Calculating the Growth Index

The standard error is used in conjunction with the growth measure to calculate the growth index. Specifically, the growth index is the growth measure divided by its standard error. This calculation yields a robust measure of growth for the group of students that reflects both the growth and the amount of evidence. All index values are on the same scale and can be compared fairly across years, grades, and subjects throughout the reference group.

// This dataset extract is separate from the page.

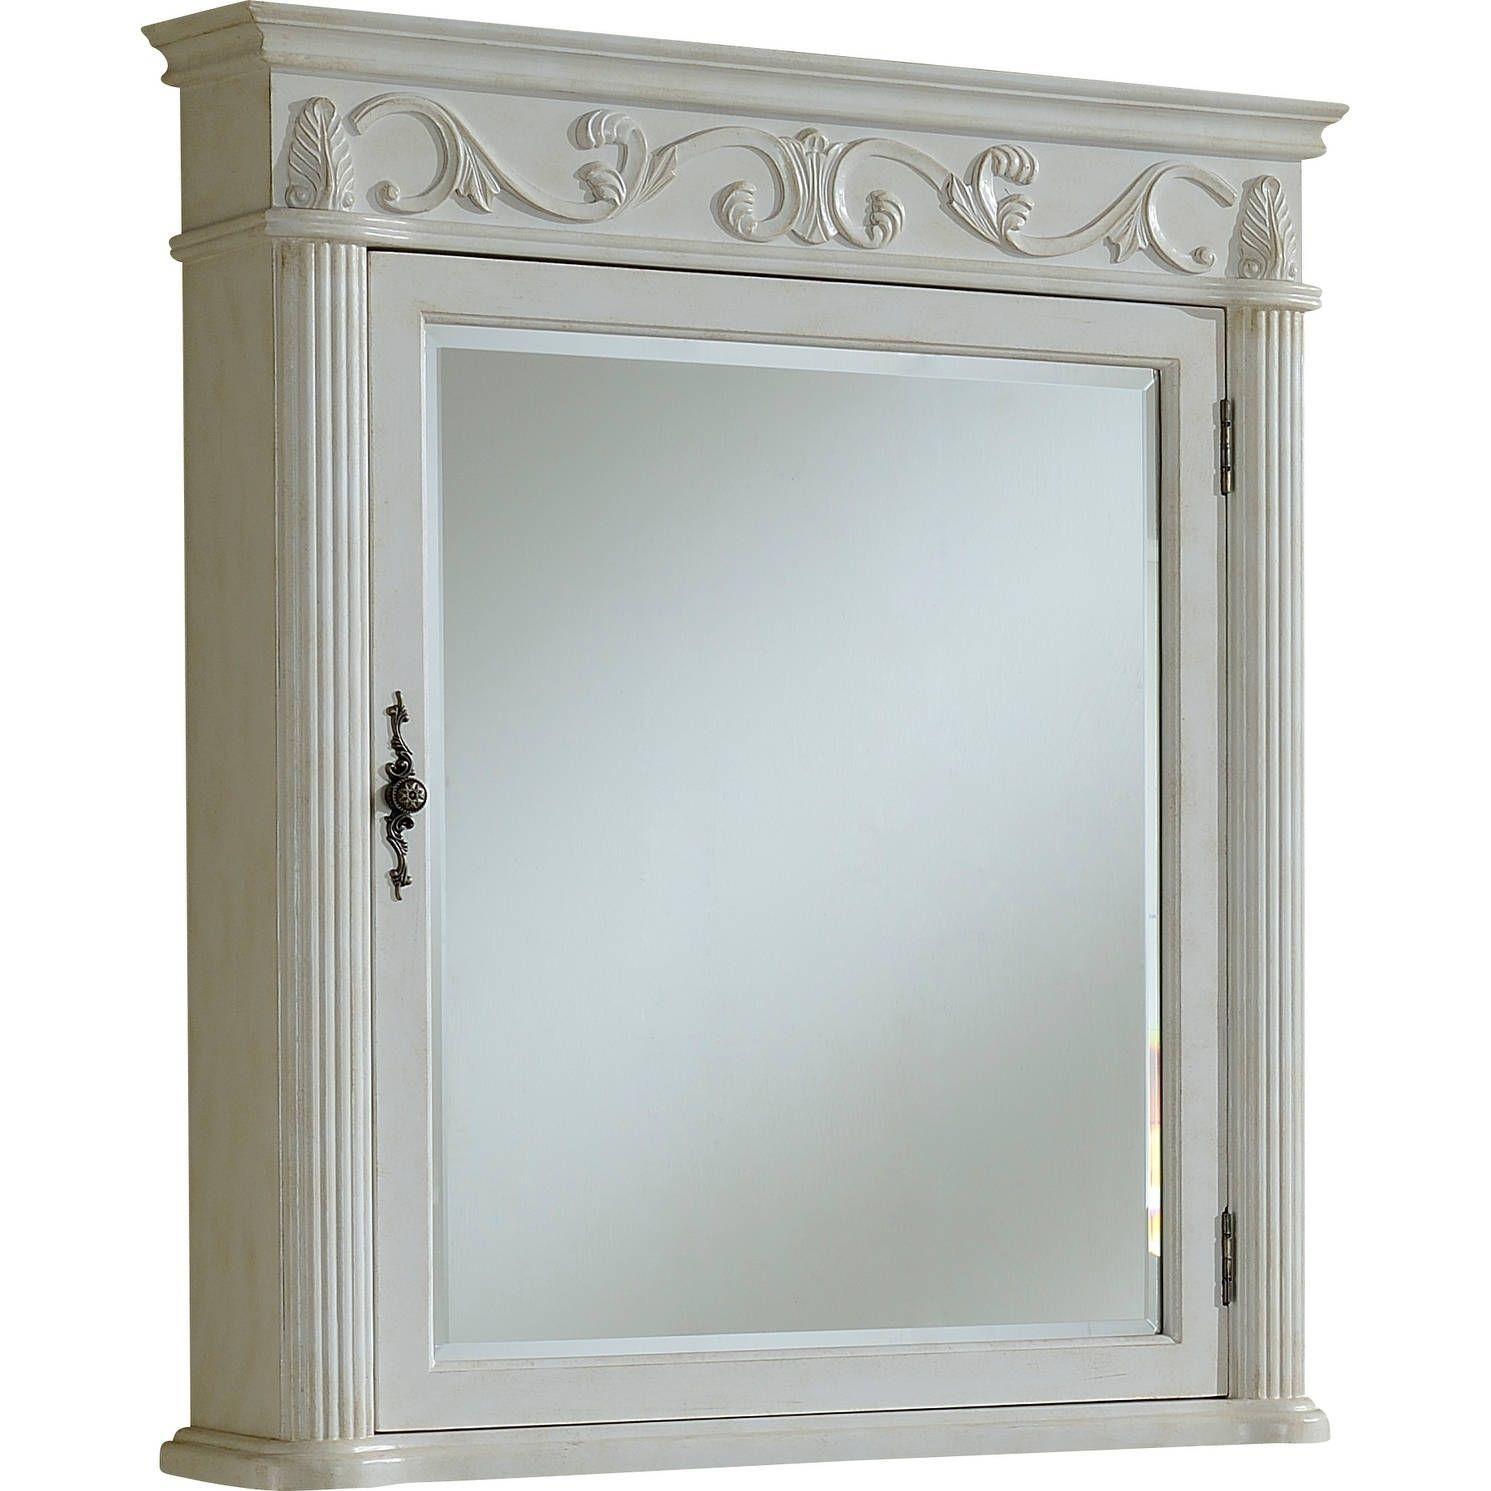 Heritage Roman 32 Antique White Medicine Cabinet - Antique White (Birchwood) - Heritage Roman 32 Antique White Medicine Cabinet - Antique White
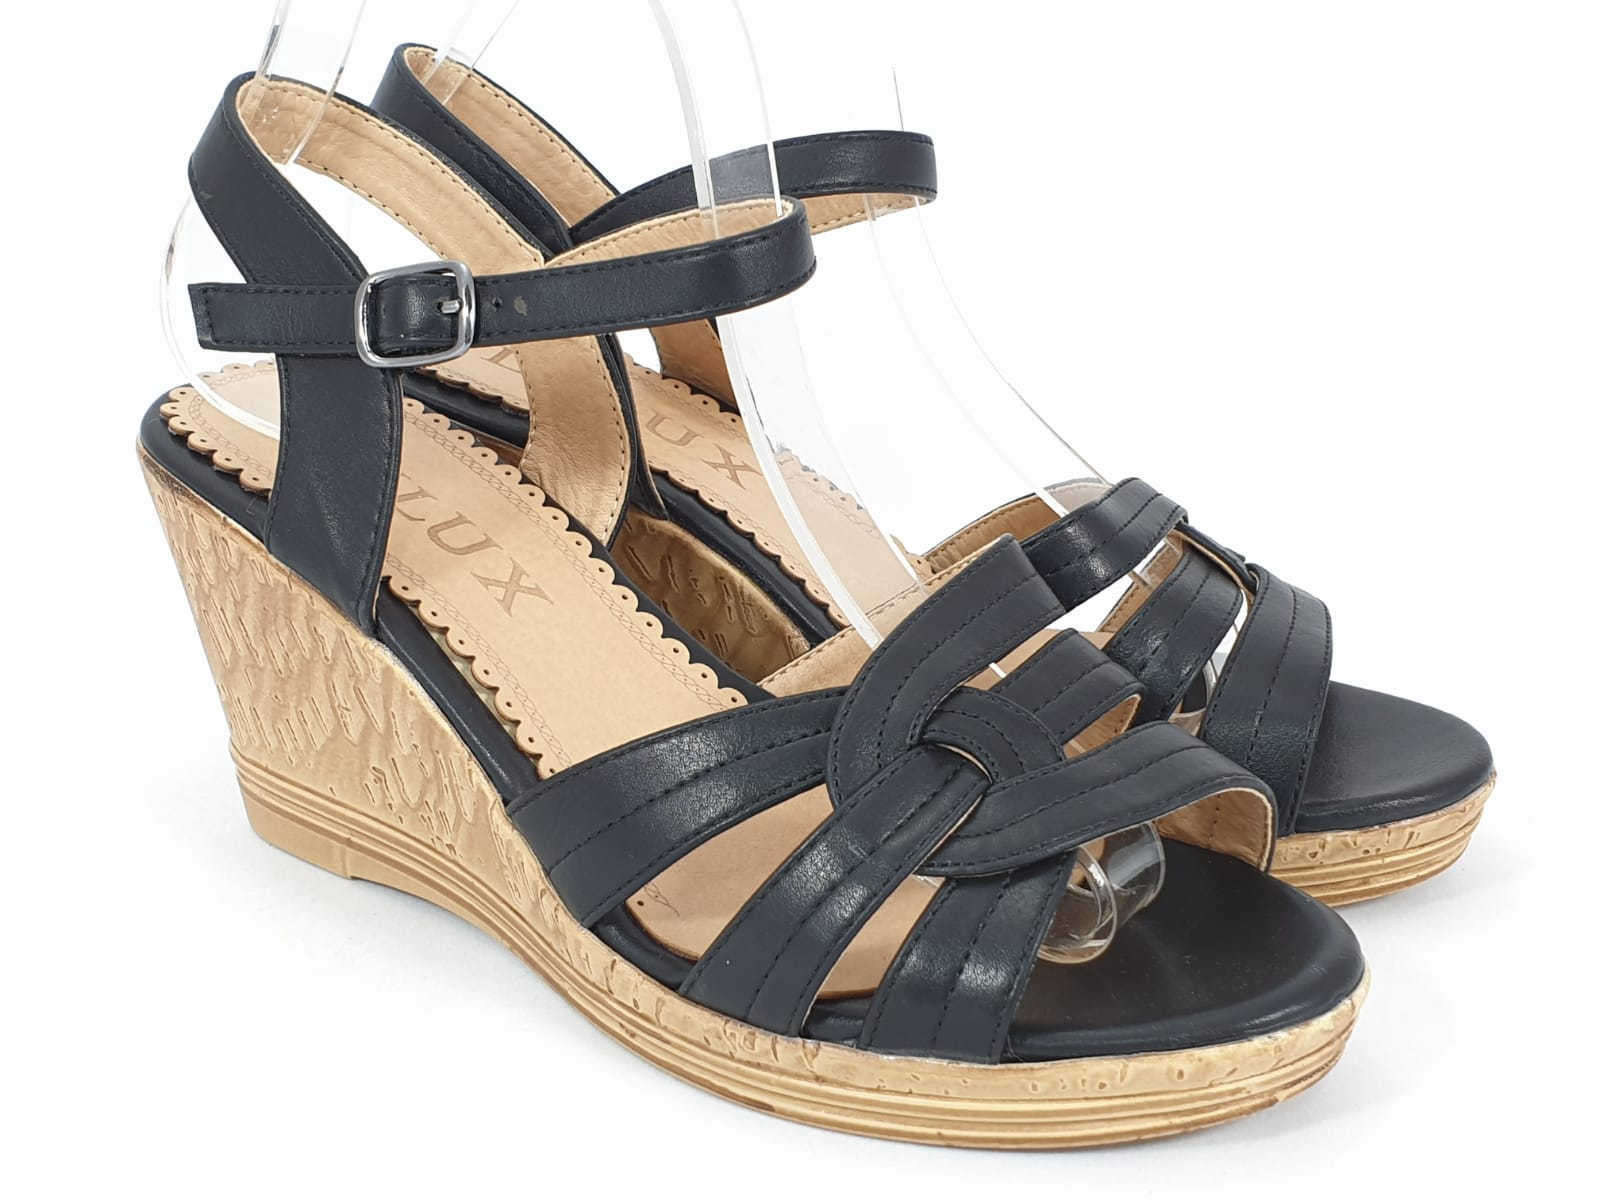 Sandale dama negre Lori

Each Growth Index is color-coded to indicate how strong the evidence is that students exceeded, met, or fell short of the growth standard. The colors should be interpreted as follows:

Growth Color IndicatorGrowth Index Compared to the Growth StandardInterpretation
Well Above

At least 2 standard errors above

Significant evidence that the teacher's group of students exceeded the growth standard

Above

Between 1 and 2 standard errors above

Moderate evidence that the teacher's group of students exceeded the growth standard
Meets

Between 1 standard error above and 1 standard error below

Evidence that the teacher's group of students met the growth standard
Below

Between 1 and 2 standard errors below

Moderate evidence that the teacher's group of students did not meet the growth standard
Well Below

More than 2 standard errors below

Significant evidence that the teacher's group of students did not meet the growth standard
When a growth index falls exactly on the boundary between two colors, the higher growth color indicator is assigned.